# Oh my Patchouli..........



## Guest (Jan 9, 2008)

is all gone and it has gotten way to expensive to use in everything. 

So --

I am thinking of using Patch EO in leave on products and Patch FO in soap. 

If I can find one that doesn't make me gag.

Can anyone recommend a good Patchouli FO?

THANKS!!!!!!!!!!!!!!!!!!!!!!!

Marr


----------



## WilsonFamilyPicnic (Jan 9, 2008)

there is some kind of worldwide patchouli shortage....seriously. my fiance uses it everyday so i am glad i bought him a gigantic bottle.  

as far as FO goes, i haven't tried any, but remember seeing a description of a patchouli blend somewhere that sounded really nice....i'll try to remember who had it...


----------



## WilsonFamilyPicnic (Jan 10, 2008)

fragrance shopping this morning....

on wholesale supplies plus: 
nag champa (great reviews) - i think i am going to get some of this...

patchouli (got pretty good reviews)

witches brew (which is the scent that i was remembering and everyone was saying it was awesome in soap, BUT the company says its not rated soap safe becaus it can cause some to have an allergic reaction....)


----------



## Tabitha (Jan 10, 2008)

Witches Brew is awesome by most companies but you do have to watch the cinnamon in it.


----------



## pepperi27 (Jan 10, 2008)

I get my patchouli from aura cacia. Although it maybe pricey for some I only buy it in small amounts because I don't use it that much. I make a body butter with it and lavender for my feet and it smells amazing!


----------



## Bret (Jan 10, 2008)

Tony's has a Witches Brew that is soap safe. 

http://tonysfragranceoils.com/index.php ... cts_id=145


----------



## Guest (Jan 10, 2008)

Thanks for the suggestions guys! I love Witches Brew too! I am going to try Tony's as it's soap safe. 

I need a straight patch for some of my blends though.
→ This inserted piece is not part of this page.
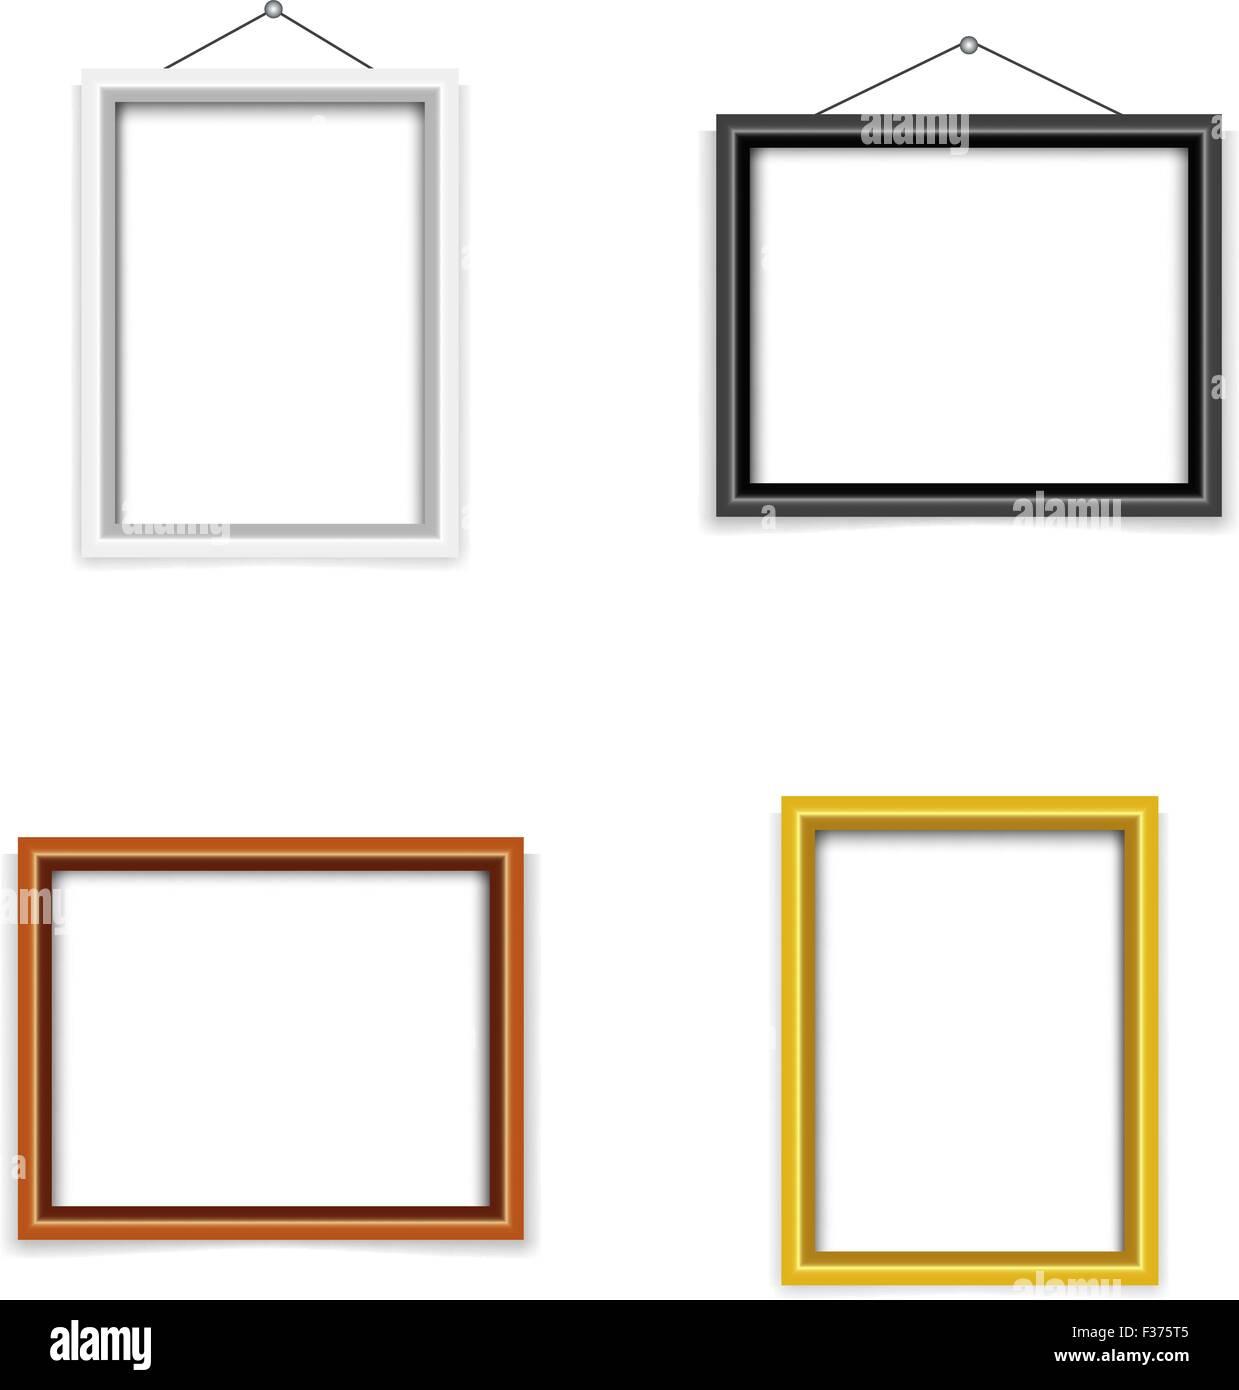 blank photo frame template set Stock Vector Art & Illustration ...

I ordered samples from several companies. I hear Peaks and Tri-State both have a good one in addition to those posted here.
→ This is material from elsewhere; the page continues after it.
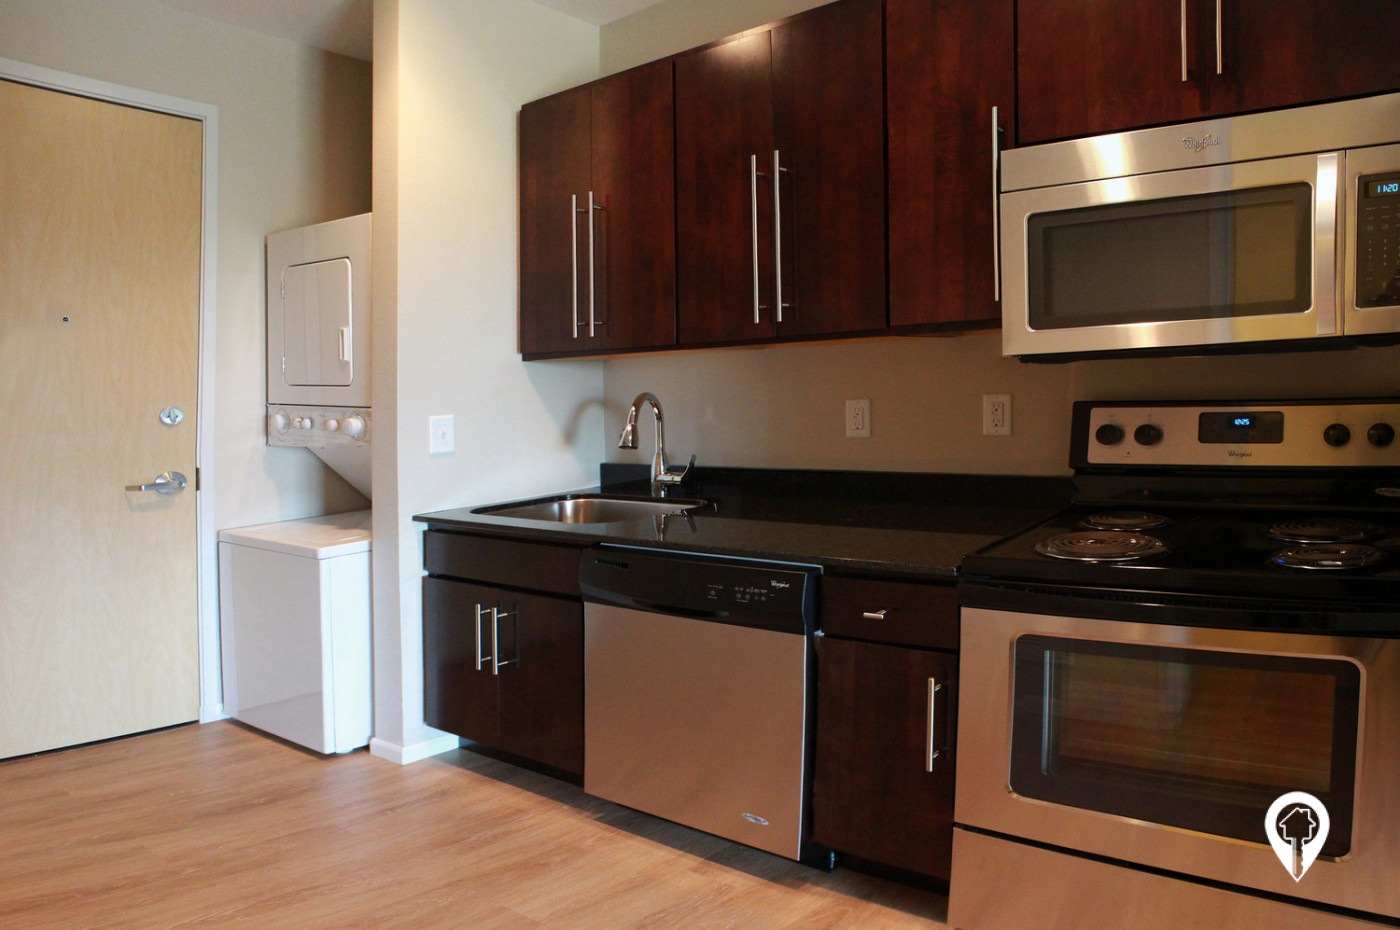 Northridge-Apartment-Homes-Open-floorplans-perfect-entertaining-guests

Hopefully the price will go down soon - like before patch isn't hot anymore. 

Thanks again!

Marr


----------



## CPSoaper (Jan 12, 2008)

If you are looking for nag champa, Tony's nag champa is to die for.   Also look for the scent Karma. It is a patchouli blend.  scent Works and Oregon Trails carry it. Both are nice.


----------



## Guest (Jan 15, 2008)

Is that the same as Lush's Karma? I love that scent and I really want a dupe.


----------



## CPSoaper (Jan 15, 2008)

Marr said:
			
		

> Is that the same as Lush's Karma? I love that scent and I really want a dupe.



I do believe so.


----------



## Soapmaker Man (Jan 15, 2008)

The tsunami wiped out a lot of the Indonesian Patchouli production.  I am buying Chinese Patch EO for a great price.  It is not the dark green like the Indio Patch, but you sure can't beat the price.  I recently bought 1 pound of it for anchoring purposes.  You have to use a bit more in soap than I did the Indio Patch, but it smells about the same.

Paul


----------



## Soapmaker Man (Jan 16, 2008)

Here is what I bought;


http://cgi.ebay.com/16-oz-Patchouli-100 ... dZViewItem

Like I said, it is not as strong as the Indio Patch, but it is not cut and I use as a fixative and double the amount of the Indio Patch I used to use.


----------